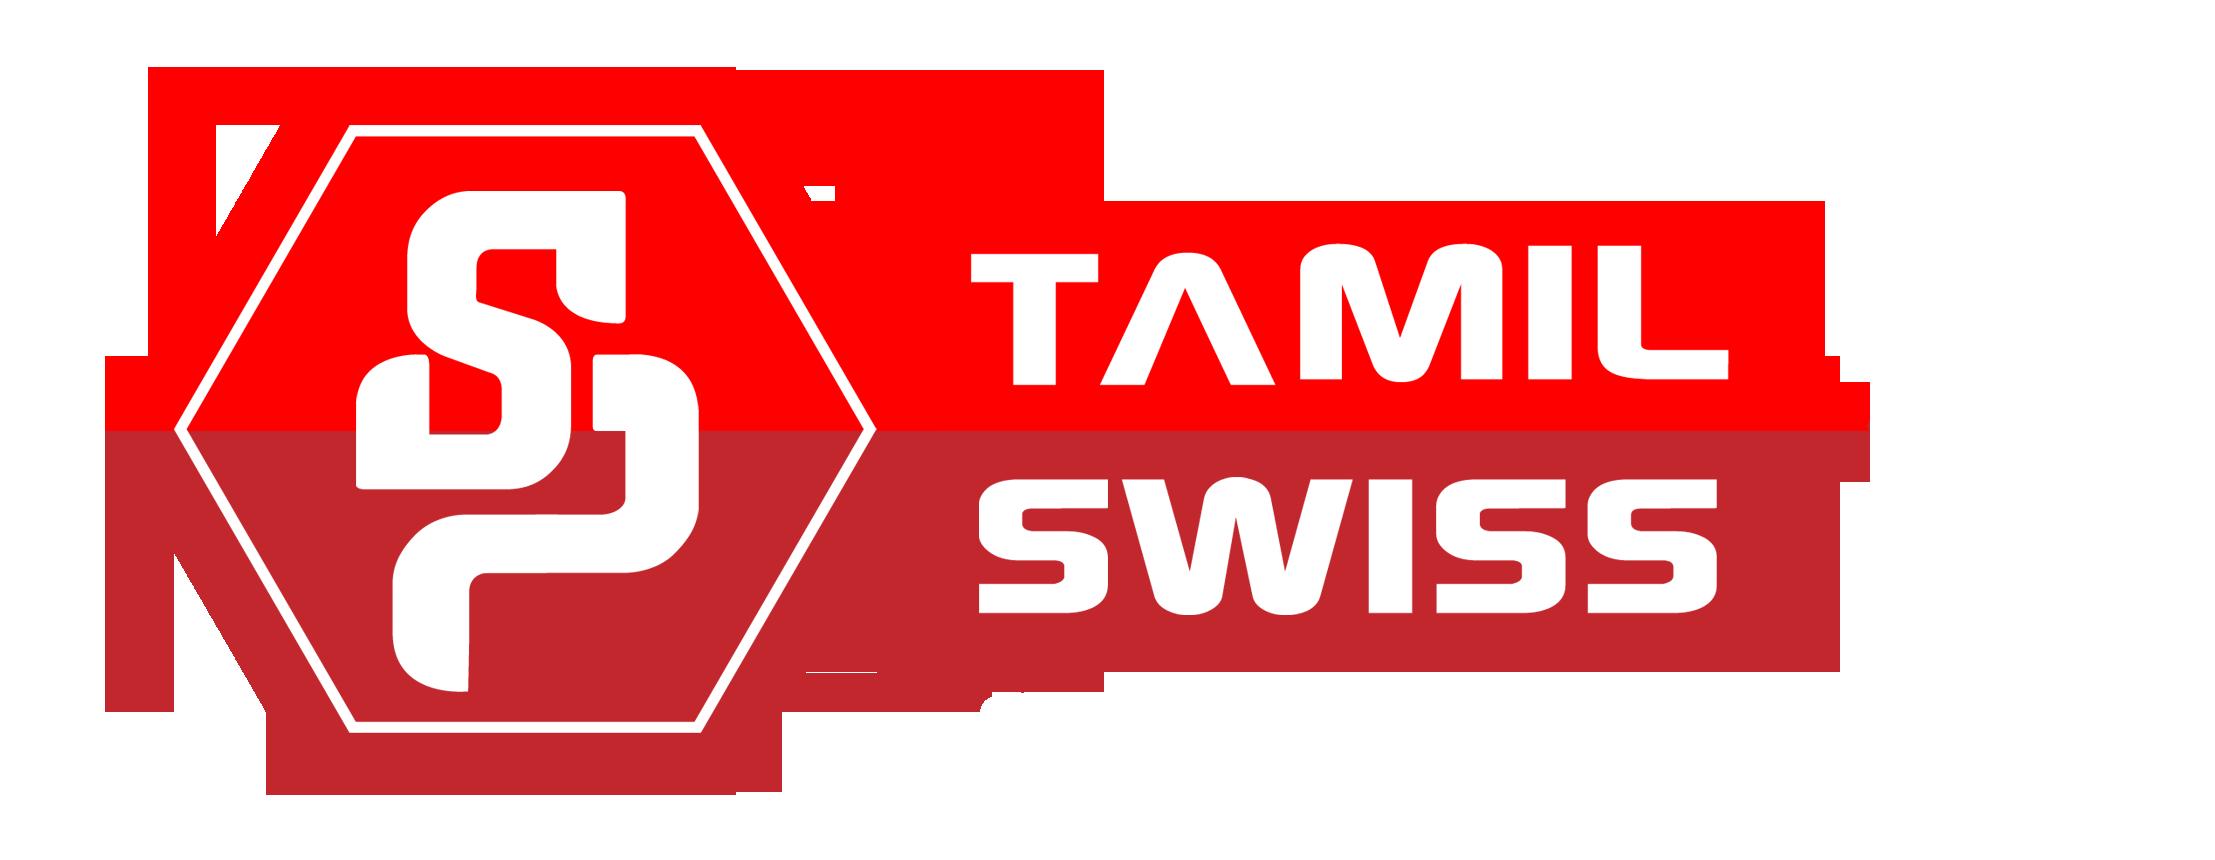 Tamil Swiss News
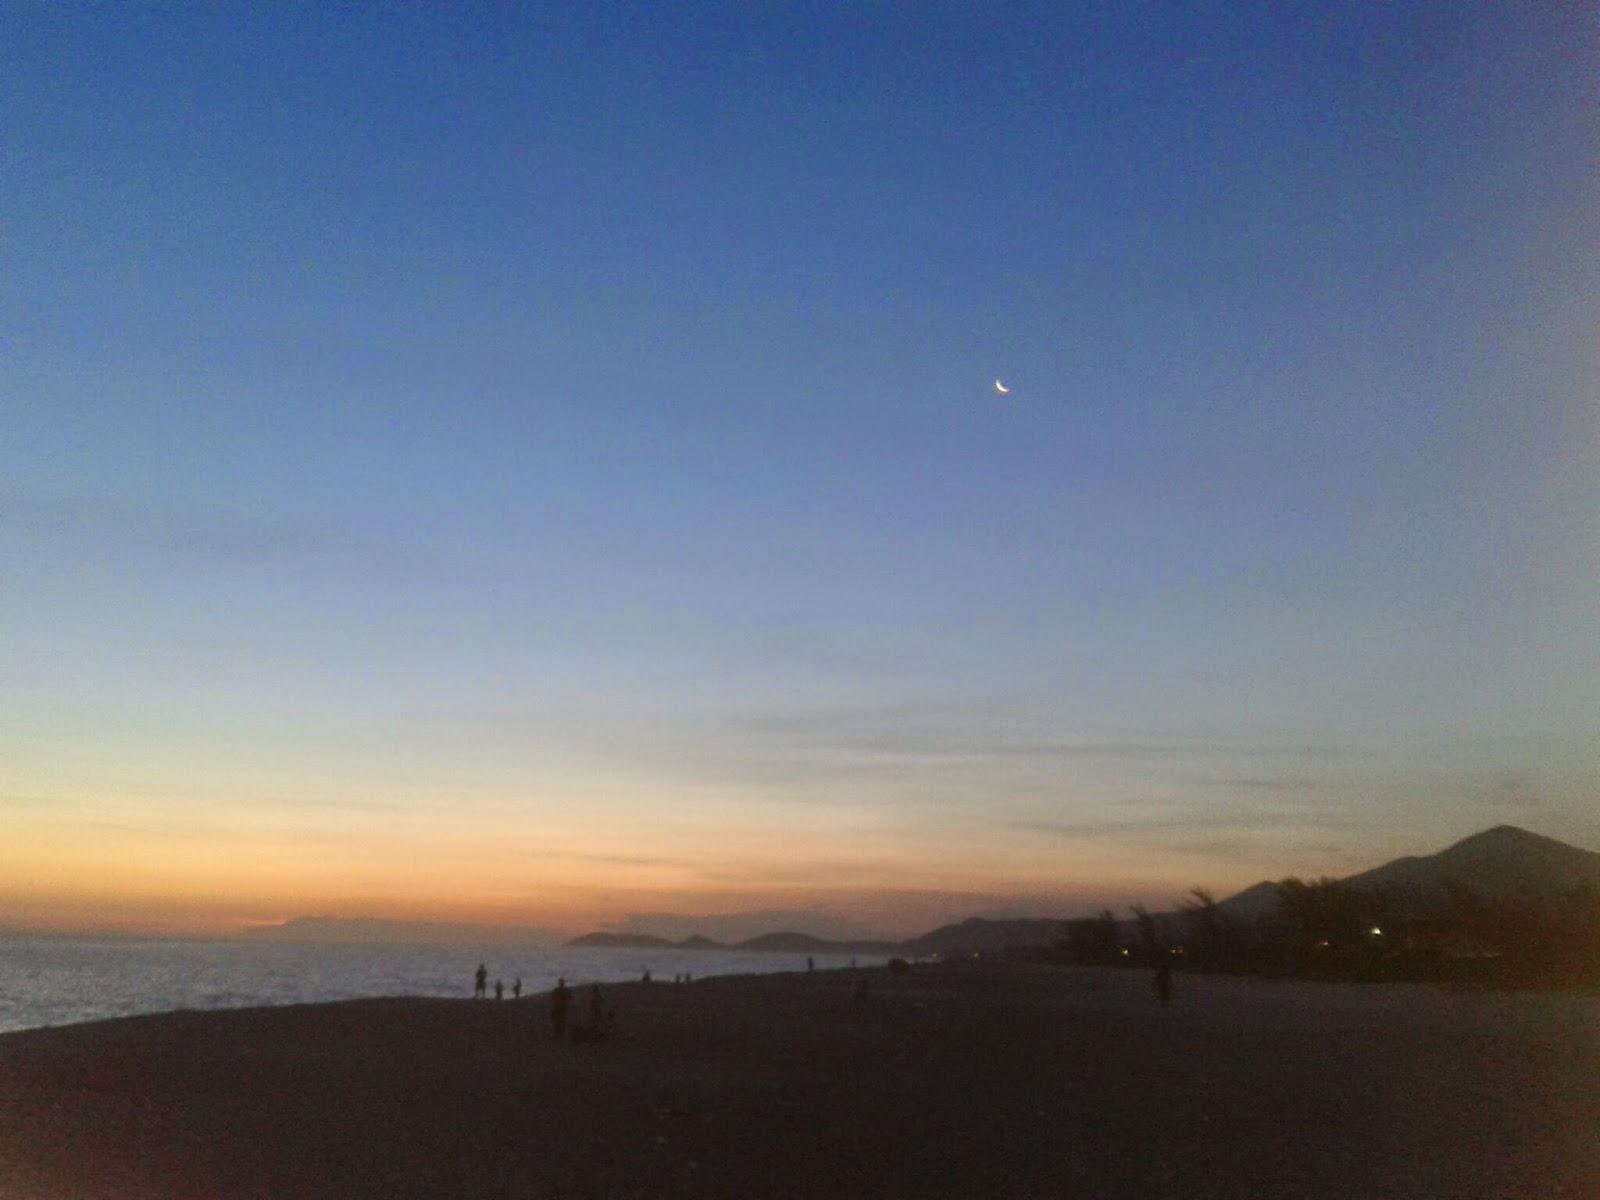 http://loucalegalmente.blogspot.com.br/
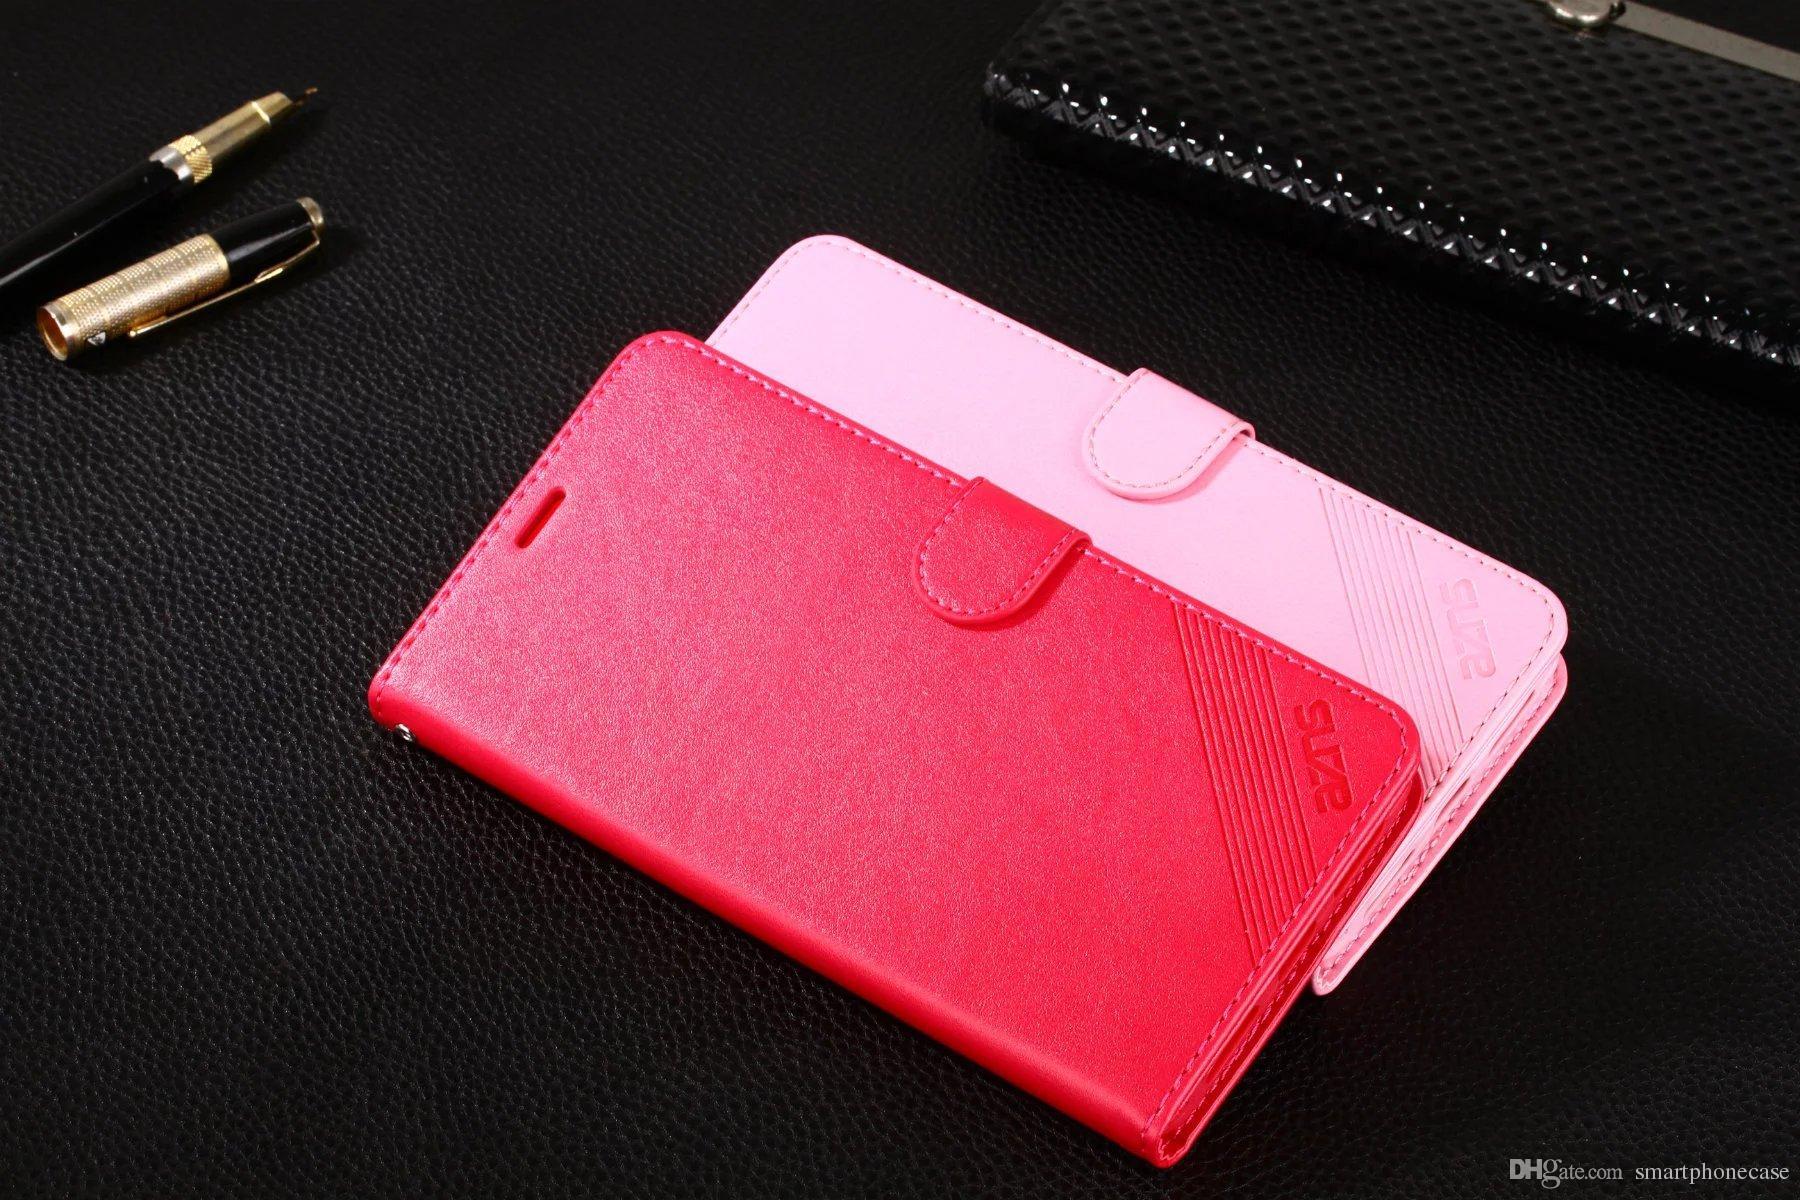 letv le max case 럭셔리 플립 지갑에 대한 멋진 귀여운 슬림 커버 클립 가죽 케이스 letv le max x900 mx1
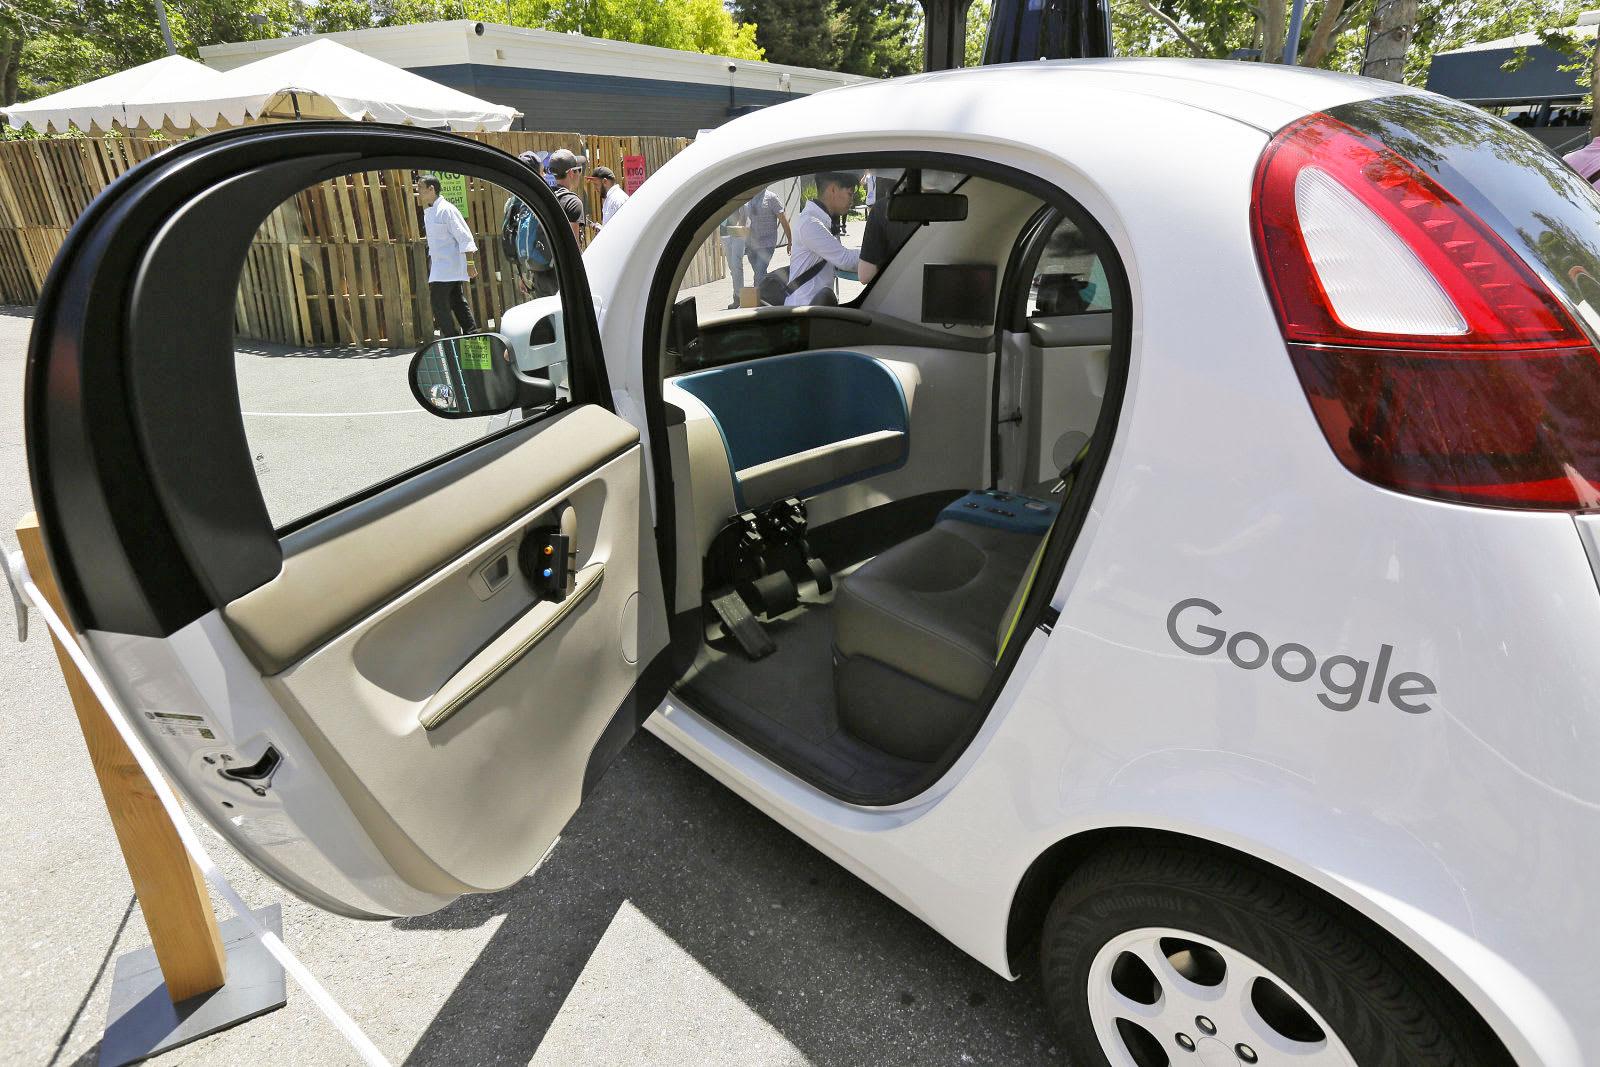 Should autonomous vehicles save passengers or pedestrians?

__INSTRUCTIONS FOR THE TASK__: Your task is to write out, exactly and without pictures, only the lines from the one holding "http://loucalegalmente.blogspot.com.br/" to the last line of the data.

__THE ANSWER__:
 http://loucalegalmente.blogspot.com.br/
 letv le max case 럭셔리 플립 지갑에 대한 멋진 귀여운 슬림 커버 클립 가죽 케이스 letv le max x900 mx1
 Should autonomous vehicles save passengers or pedestrians?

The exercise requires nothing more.